Forest Service funding keeps declining
By the numbers:
52 percent: Portion of the 2015 U.S. Forest Service budget dedicated to wildfire fighting.
16 percent: Portion of the 1996 U.S. Forest Service budget dedicated to wildfire efforts.
50 percent: Decline in the White River National Forest budget from 2008 to 2015.
30 percent: Decline in the White River National Forest’s full-time staff in that time.
EAGLE COUNTY — Trees don’t vote. If they did, the U.S. Forest Service wouldn’t be facing the kind of budget crunch it does.
The numbers are daunting: Since 2008, the budget of the White River National Forest — which includes the Eagle and Holy Cross ranger districts in this part of Eagle County — has dropped by 50 percent, from about $30 million to about $15 million per year.
The decline is due almost entirely to the amount of money the Forest Service puts into firefighting these days. Since 1998, firefighting has consumed an ever-greater portion of the agency’s budget, growing from 16 percent to 52 percent of Forest Service spending each year. That decline comes although the White River National Forest hasn’t yet been struck by the gigantic fires seen elsewhere on the nation’s public lands — the problem is that as firefighting costs grow, the money is siphoned out of the budget of every office.
That loss of money has affected virtually every other operation run by local and regional offices.
Aaron Mayville, the interim district ranger for the Eagle and Holy Cross ranger districts, said those offices have about one-third fewer employees than they did just a few years ago.
Just as an example, the White River National Forest once had several law enforcement officers — rangers who are also police officers — to help keep the peace on the forest. Today there are three. One of those officers works the combined Eagle, Holy Cross and Aspen ranger districts. That’s about 1.5 million acres.
The lack of people also affects how much work can be done in the forests. And, with nearly 2.5 million acres and as many as 15 million visitors per year — more than the combined annual visitors to Yellowstone, Yosemite and Grand Canyon national parks — there’s a lot of work to do.
Local helping hands
That’s why forest users have lent a number of helping hands.
The most recent effort was put together by the Vail Valley Mountain Bike Association and the Vail Valley Trails Connection. Those groups reached out to communities, including towns and metropolitan districts, as well as private donors via a GoFundMe page on the internet. In about 10 weeks, the groups raised around $50,000 to fund a seasonal employee who will help coordinate trail maintenance and restoration efforts.
Lee Rimel, who has worked with both community groups and the Forest Service, said that work will also include restoring unauthorized trails in order to keep people from using them.
“It’s a major part of this work to eliminate those trails,” Rimel said.
While raising $50,000 in a matter of weeks is a big step, Rimel said the fact the money came so quickly is no surprise.

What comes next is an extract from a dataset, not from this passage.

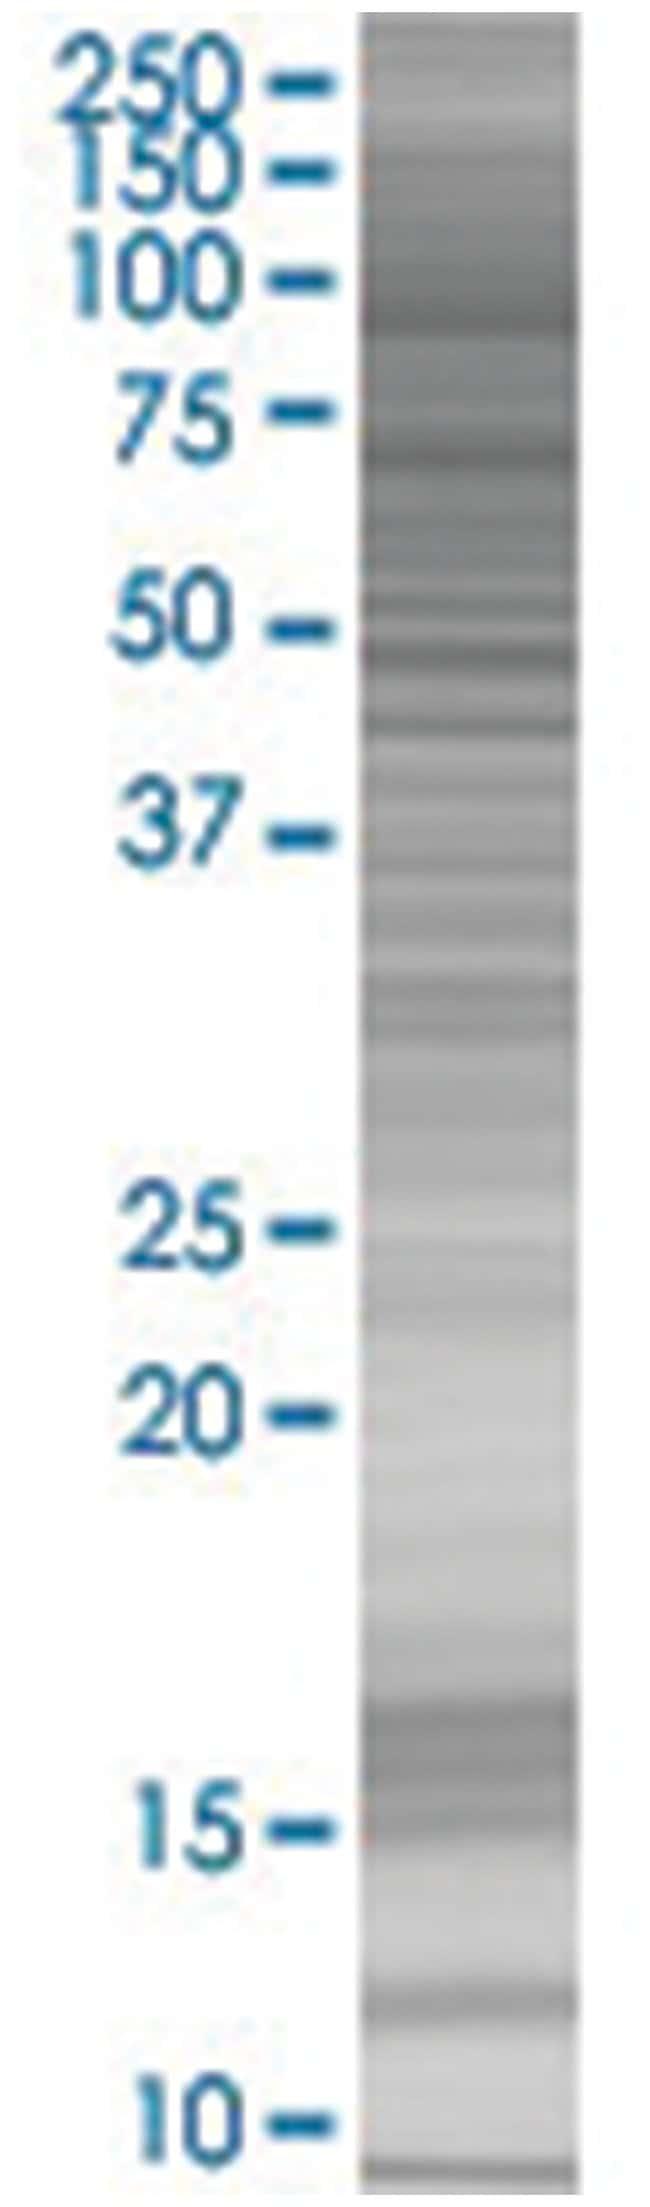 FAP 293T Cell Overexpression Lysate (Denatured), Abnova 100µL:Life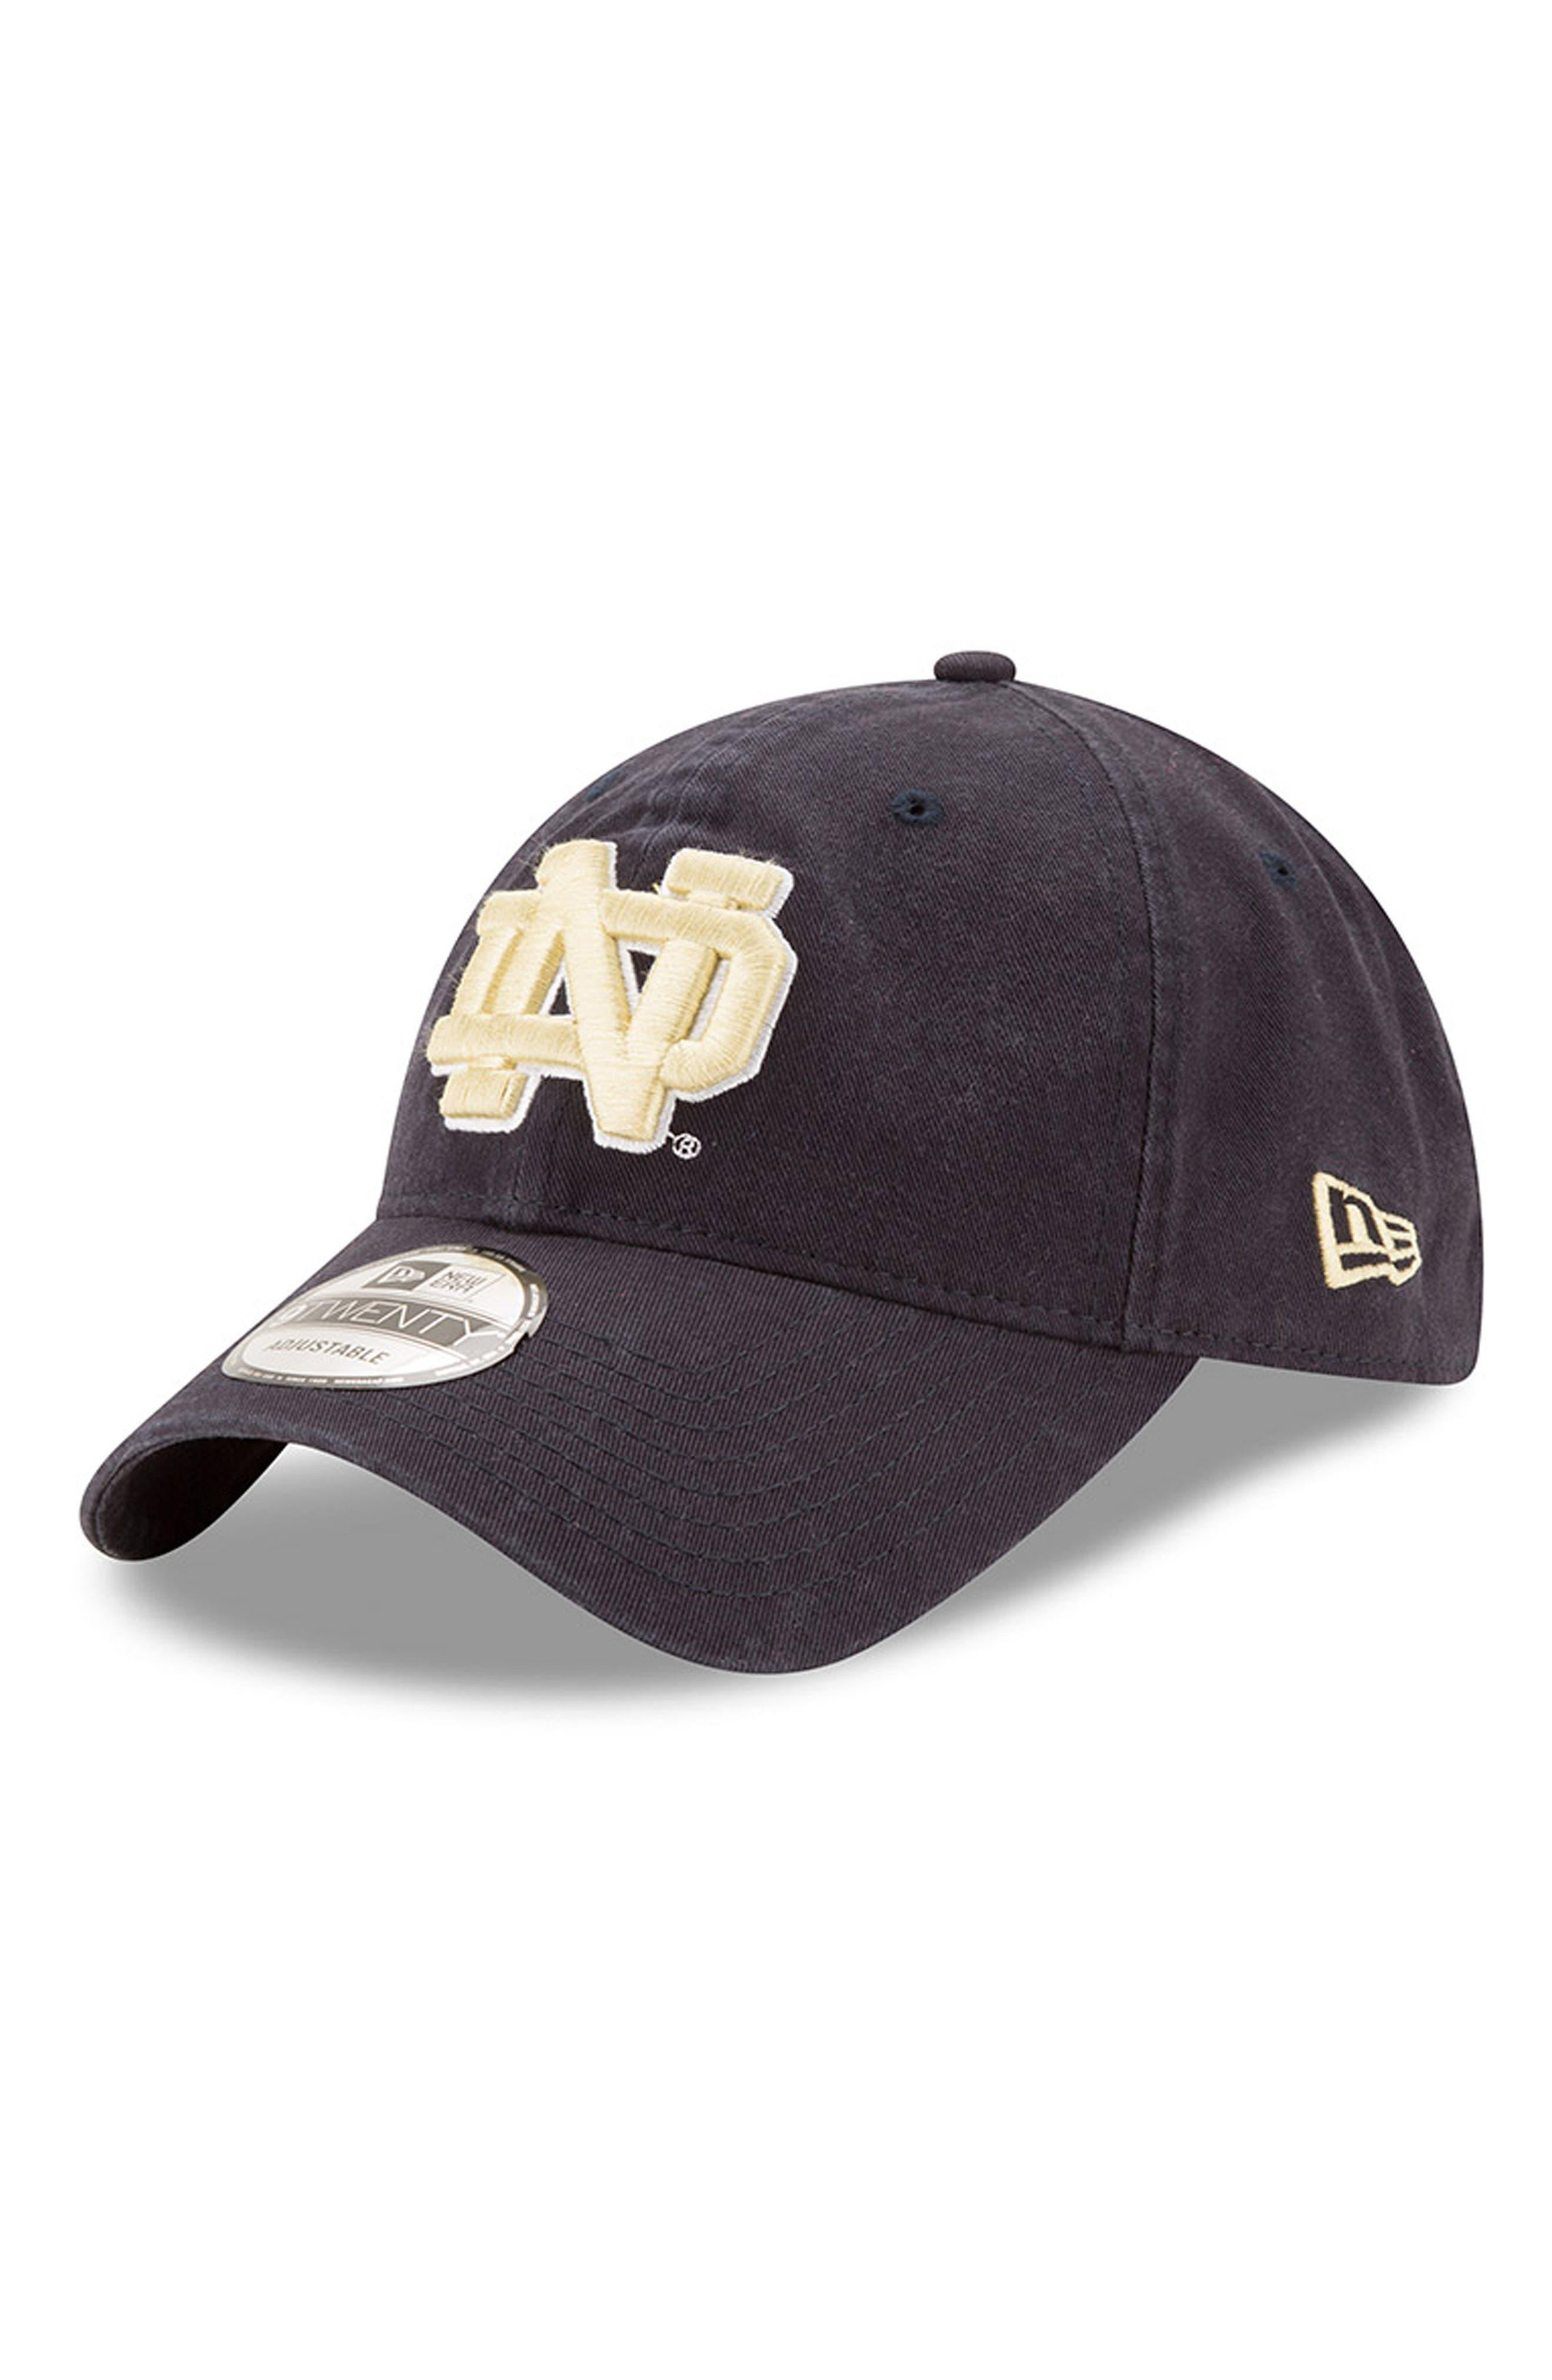 New Era Collegiate Core Classic - Notre Dame Fighting Irish Baseball Cap

“Our challenge going forward is to continue raising funds to supplement the Forest Service budget so they can continue to hire a ranger who can focus on trails,” Rimel said. Ideally, that person would work full time, Rimel said. But that would require more funding.
The work on the forest isn’t just on the nearly 600 miles of trails in the local forests. Above Red Cliff, a team of 40 groups and individuals has been working with the Forest Service to restore the Camp Hale area.
That valley was home to the 10th Mountain Division during World War II and for several years after. To make a home to train soldiers, the Army Corps of Engineers straightened the Eagle River and drained wetlands. There’s also still a good bit of unexploded ordnance in the nearby hillsides, and many of the buildings used asbestos insulation. In short, it’s an ecological mess.
A $30 million bill?
The Forest Service, the National Forest Foundation and other groups are working on a plan to put the meander back into the river, create as much as 300 acres of new wetlands and clean up other environmental damage on and around the old base.
The work for that plan will be expensive. Marcus Selig, regional director of the National Forest Foundation, said the price tag could be anywhere between $10 million and $30 million. The Forest Service simply doesn’t have that kind of money.
Selig said fundraising will focus on private and corporate donors, but he acknowledged that people may not be willing to open their wallets quite that wide.
The Forest Service could become a major player in the Camp Hale effort if it could keep the roughly $10 million per year in profit it generates, mostly from ski area fees. Now, that money goes straight in the general treasury, although Mayville said there are efforts in Congress to help free up more money for the agency.
Until that happens, the Forest Service will have to rely on community help.
Kim Langmaid, founder of Walking Mountains Science Center, said those partnerships are critical to Forest Service operations. That help includes Walking Mountains’ contributions to educational aspects of Epic Discovery, Vail Resorts’ summer program.
Those efforts might just help more people understand the importance of public land management.
“We all have a role to play,” in working to adequately fund the Forest Service, Langmaid said. “As we grow and develop, we’re using those natural resources more, and all of that needs to be supported by a well-staffed Forest Service.”
The need for that kind of help is frustrating for Mayville and others.
“On one hand, it’s a shame (to need outside help),” Mayville said. “On the other, it’s a wonderful example of citizenship, people who love the land and who are putting their money where their mouth is.”